Perhaps I also have to admit that the genre of music that I do doesn't take too well the me-myself-and-i approach (although it is still possible; I'm listening to one of the proofs right now, in fact it has become one of my go-to albums...)
An idea that has been in my mind lately is adding a new filter to the song choice process: technical feasibility. It's something that I've never taken into consideration before; I just thought of the songs I wanted in the album, how well they would match with each other... With my humble resources maybe I should pay attention also to things like "this one is straightforward, but that one has 3 tempo changes", "this one has a crowd chant that is going to be hard to pull off..."
As a "bucket resolution", as a container while I figure out the rest, I've decided that in the final week of November I'll release what I've got. Like a game of "musical chair"; if it is an EP, good. If it is a maxisingle, so be it.
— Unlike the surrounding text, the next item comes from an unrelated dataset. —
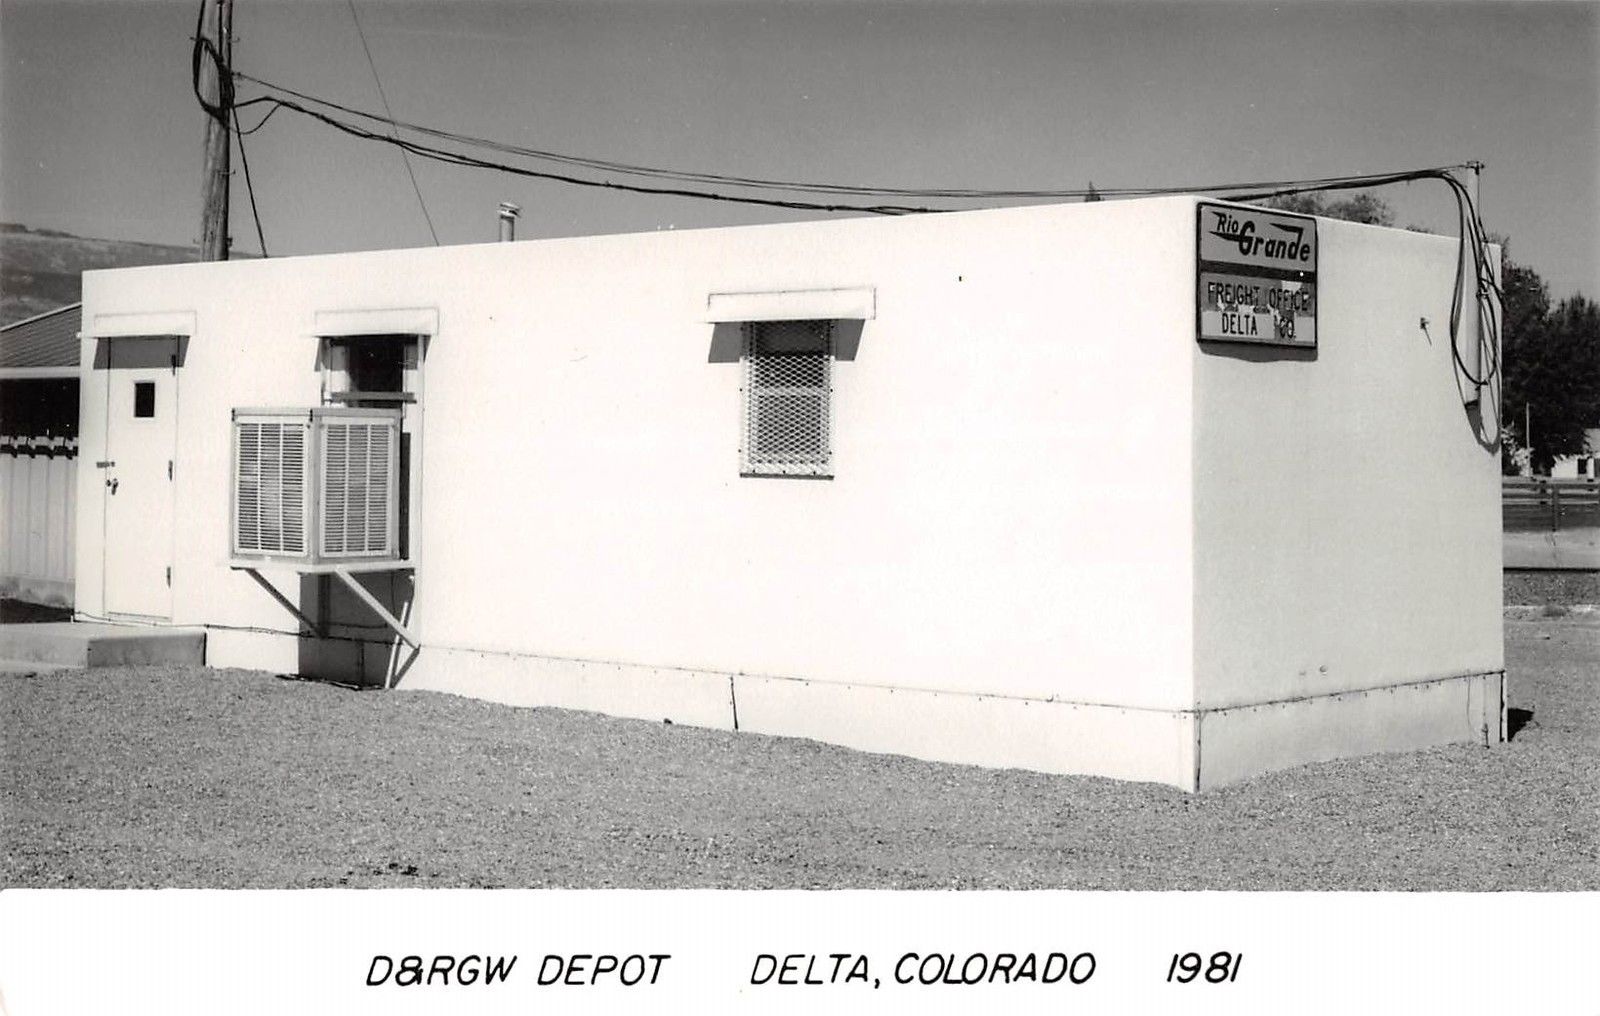 Delta Co D&amp;RGW freight depot 1981.jpg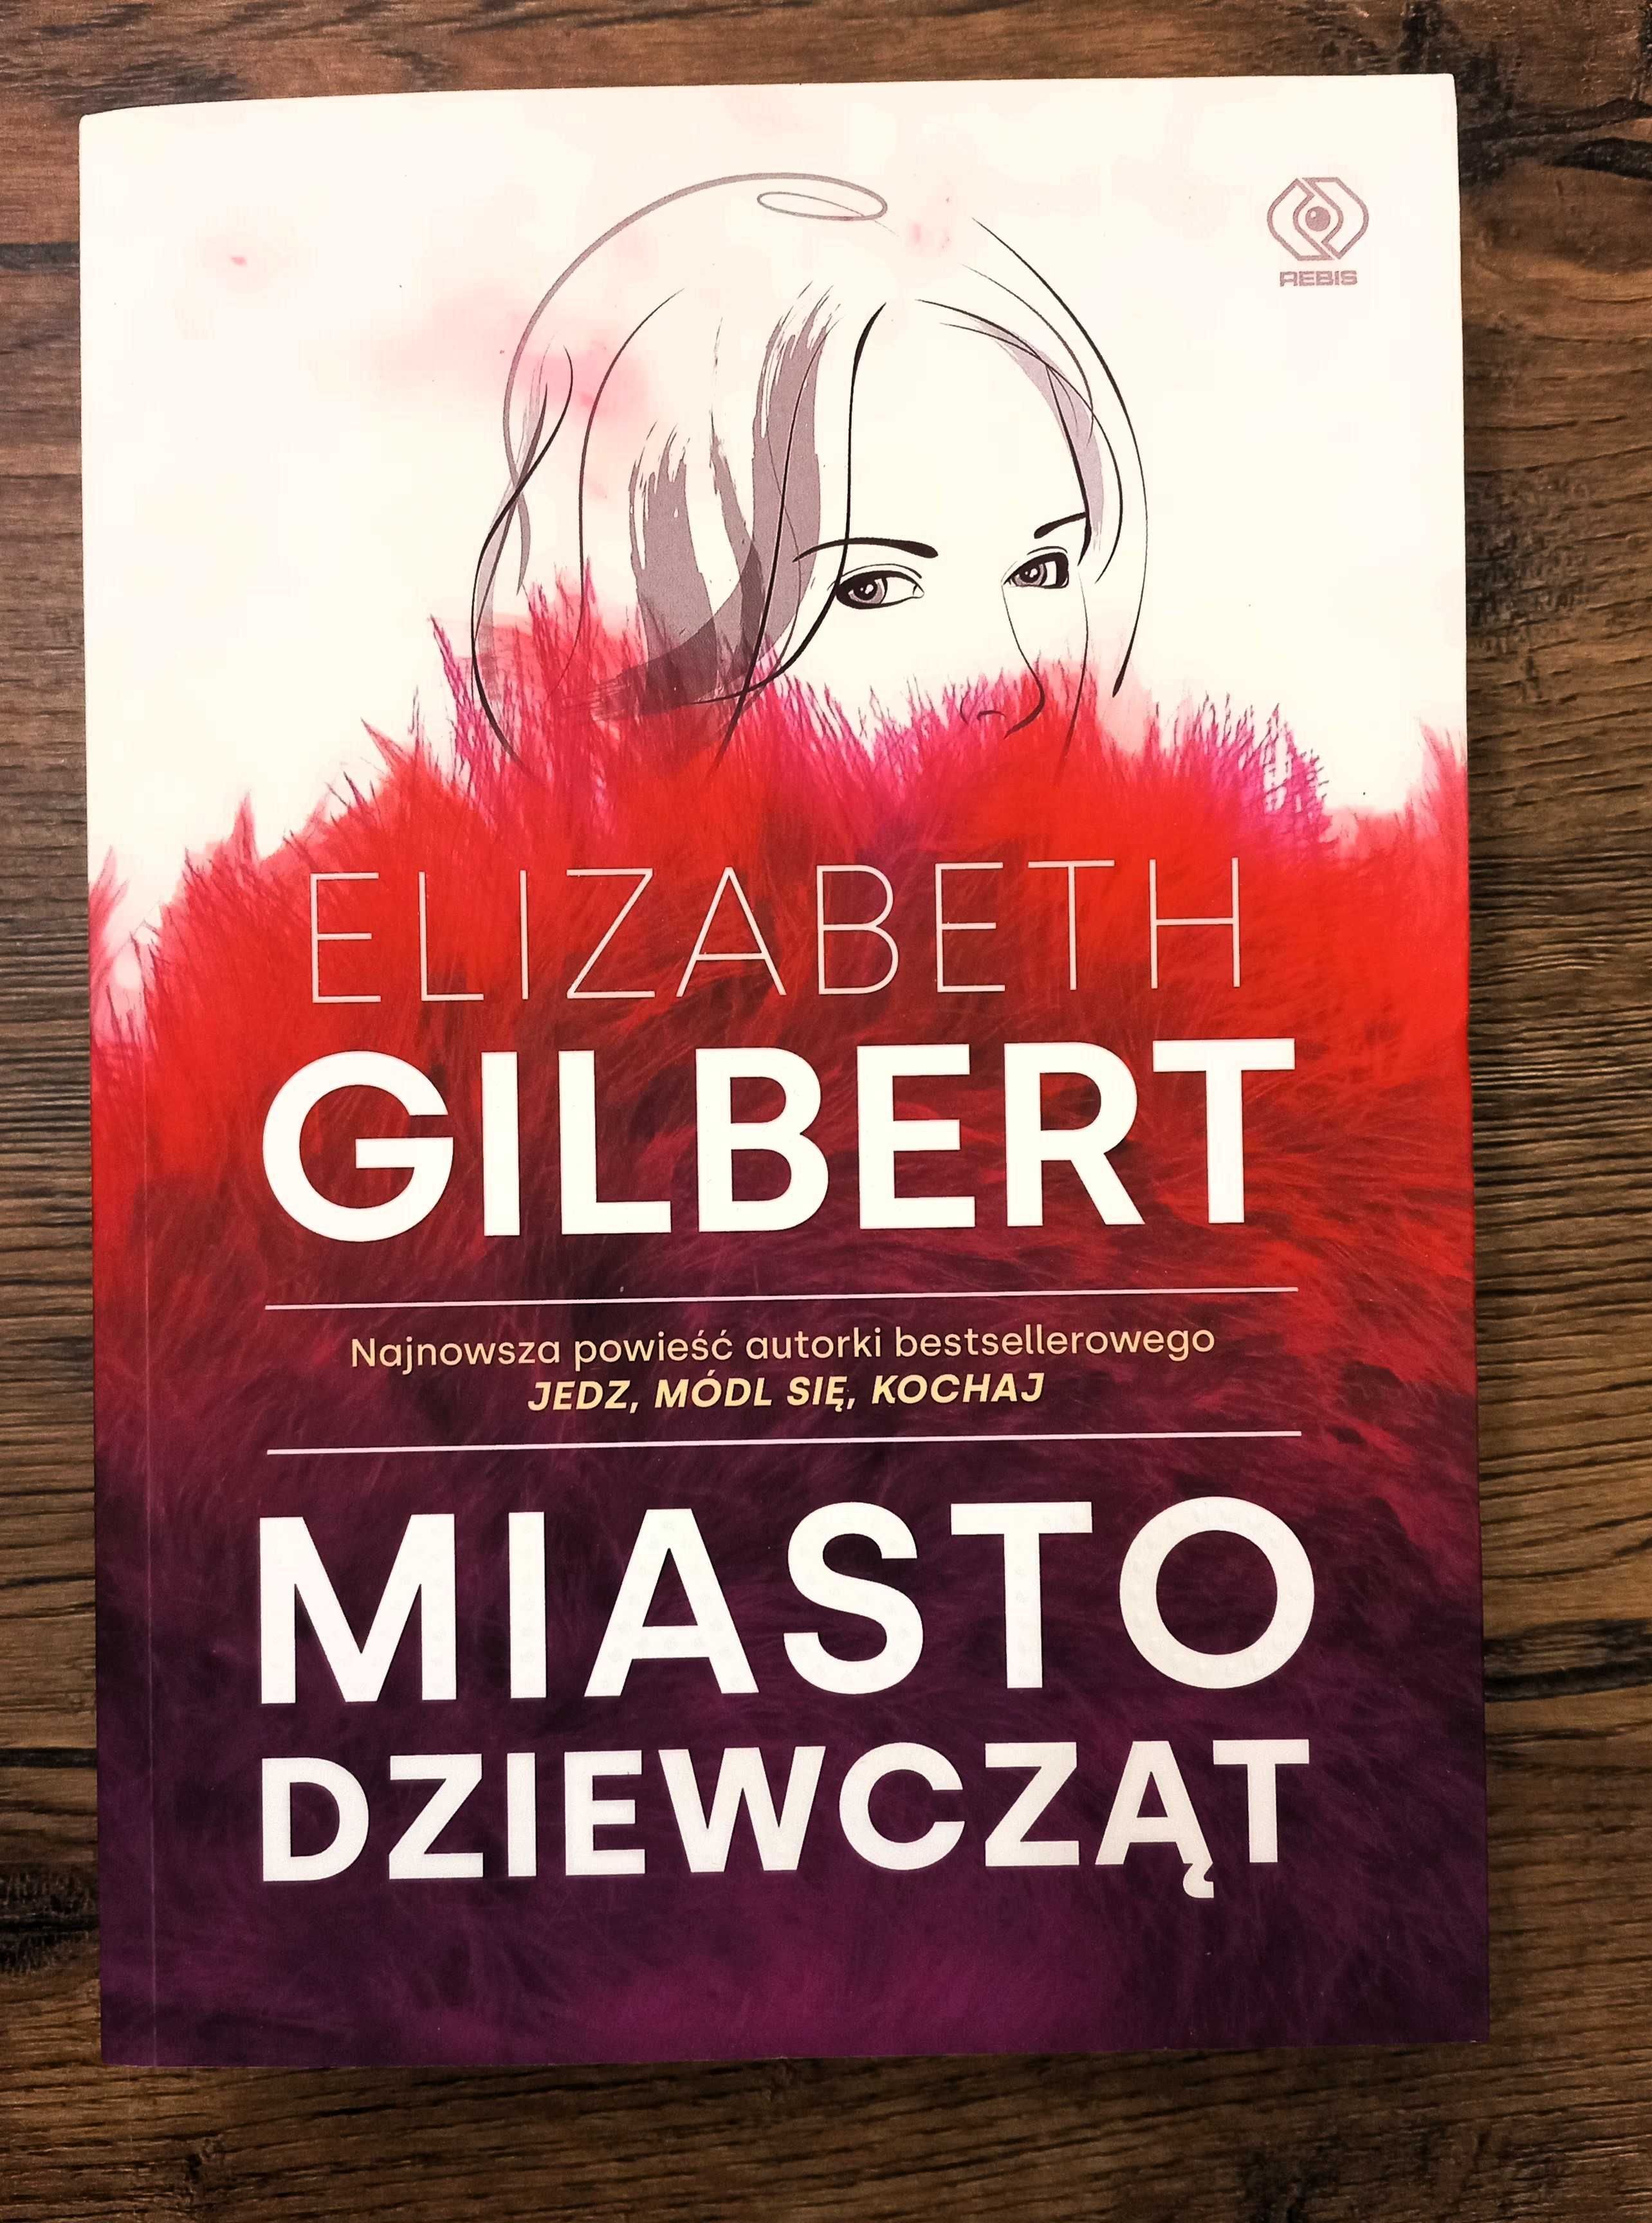 "Miasto dziewcząt" ("City of girls"), Elizabeth Gilbert

If it is a single, it's ok too. If I don't even have the single I'll record a podcast explaining what happened... Something, I don't know.
I feel a bit "bruised" today, as sometimes facing the truth leaves you, but I don't feel sad for having gone through the whole process of the song only to discard it later; closing the cycle has its value too. The accumulated experience is useful and what I have to do now is try different working patterns. Today I'll simply play for a while at random, explore, wait for some spark to happen.